■ **ACTIVITY**:
Given the records below, would you repeat exactly the lines that begin at the one containing "Eine akrobatische Goldfinch" and end at the one containing "مکمل نقشہ مالدیپ کے", inclusive?

■ **PROVIDED RECORDS**:
*** Begin section ***

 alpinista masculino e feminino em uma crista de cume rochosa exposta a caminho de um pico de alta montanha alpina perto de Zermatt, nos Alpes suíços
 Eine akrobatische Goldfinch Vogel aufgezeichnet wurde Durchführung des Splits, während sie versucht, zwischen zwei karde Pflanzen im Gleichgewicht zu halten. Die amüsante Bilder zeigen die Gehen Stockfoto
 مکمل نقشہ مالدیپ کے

*** End section ***
*** Begin section ***

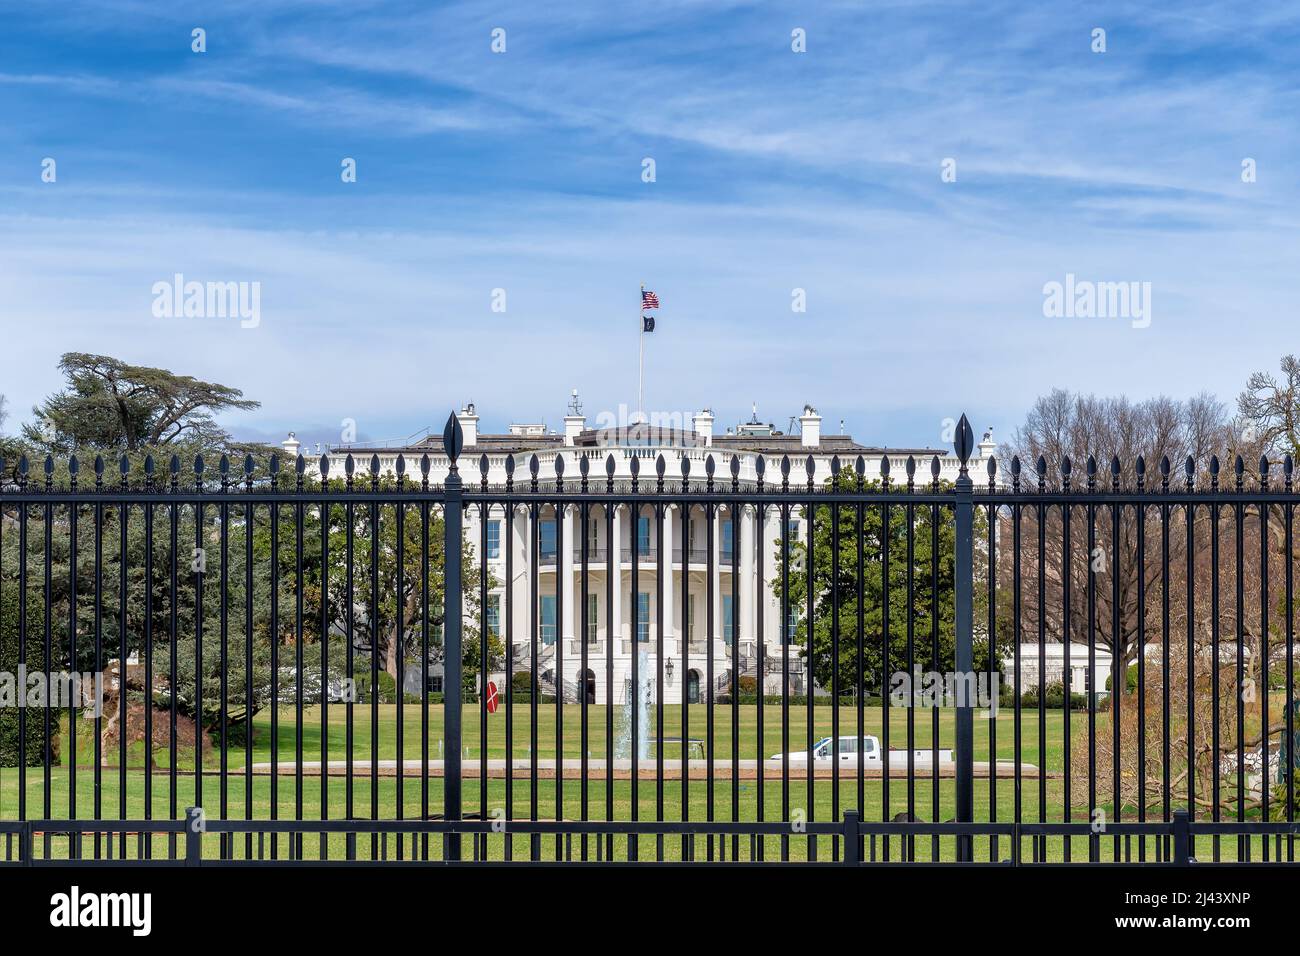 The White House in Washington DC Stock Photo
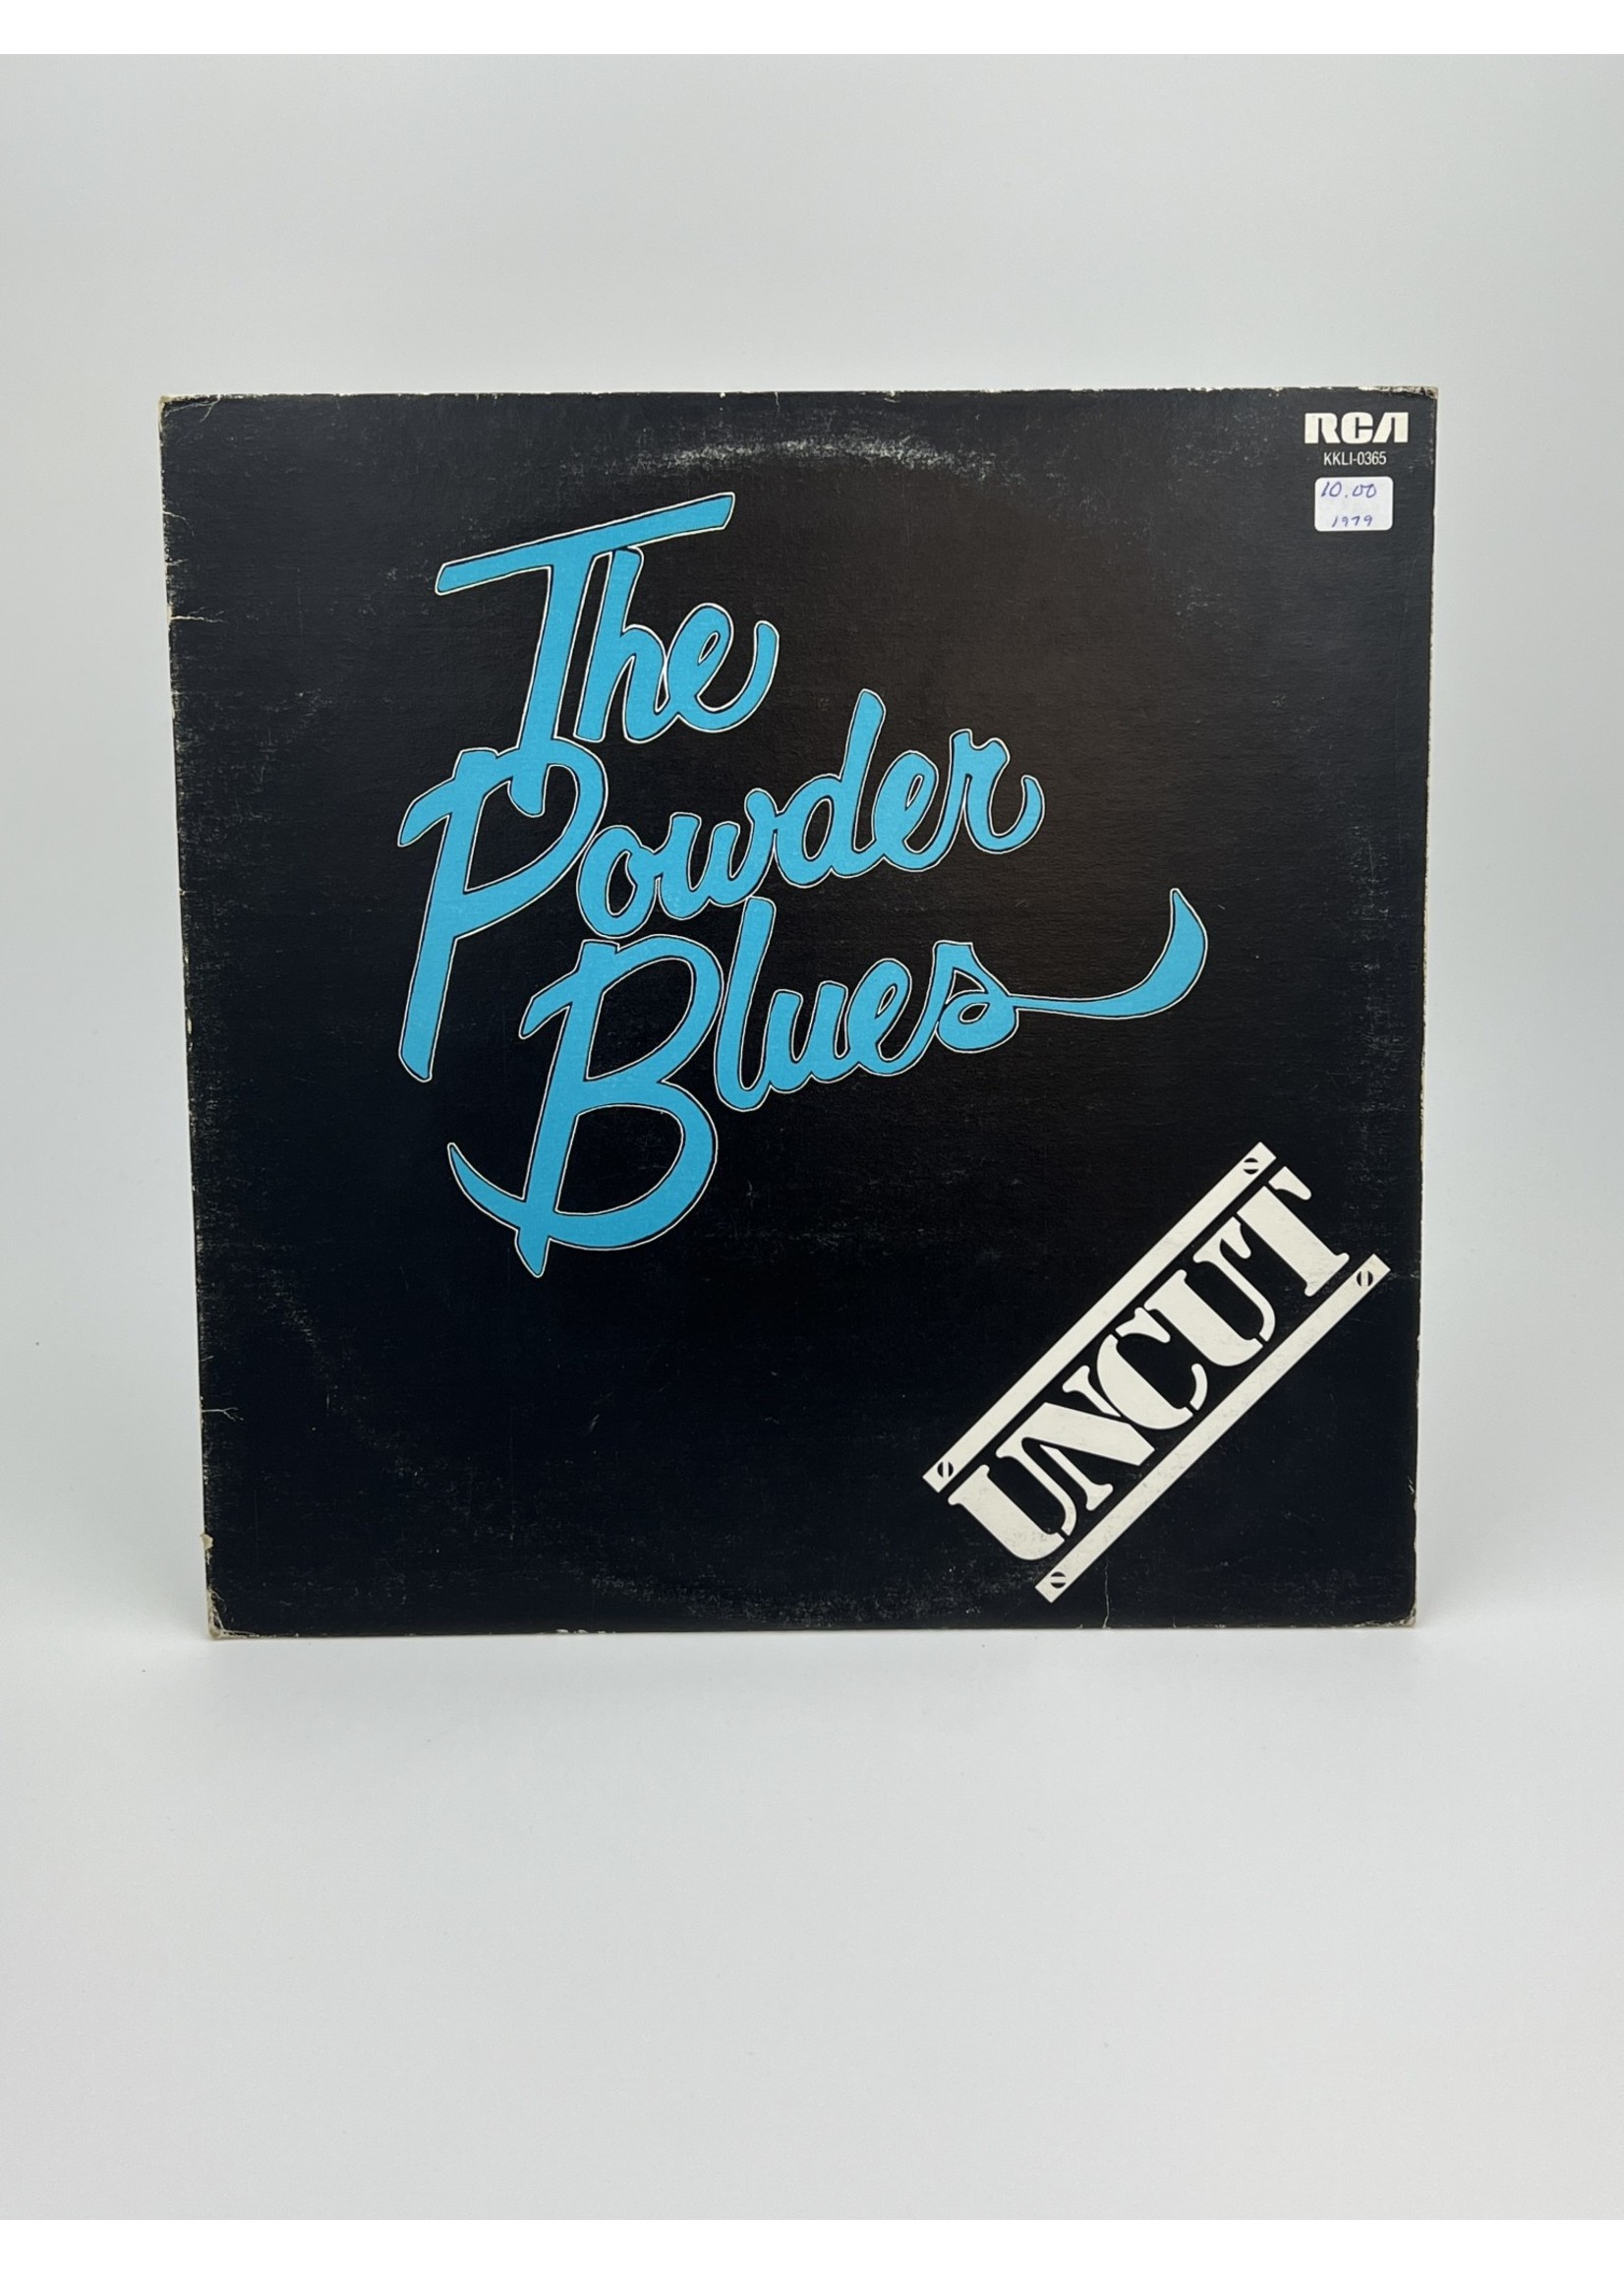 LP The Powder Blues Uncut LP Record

*** End section ***

■ **ANSWER SPACE**:
 Eine akrobatische Goldfinch Vogel aufgezeichnet wurde Durchführung des Splits, während sie versucht, zwischen zwei karde Pflanzen im Gleichgewicht zu halten. Die amüsante Bilder zeigen die Gehen Stockfoto
 مکمل نقشہ مالدیپ کے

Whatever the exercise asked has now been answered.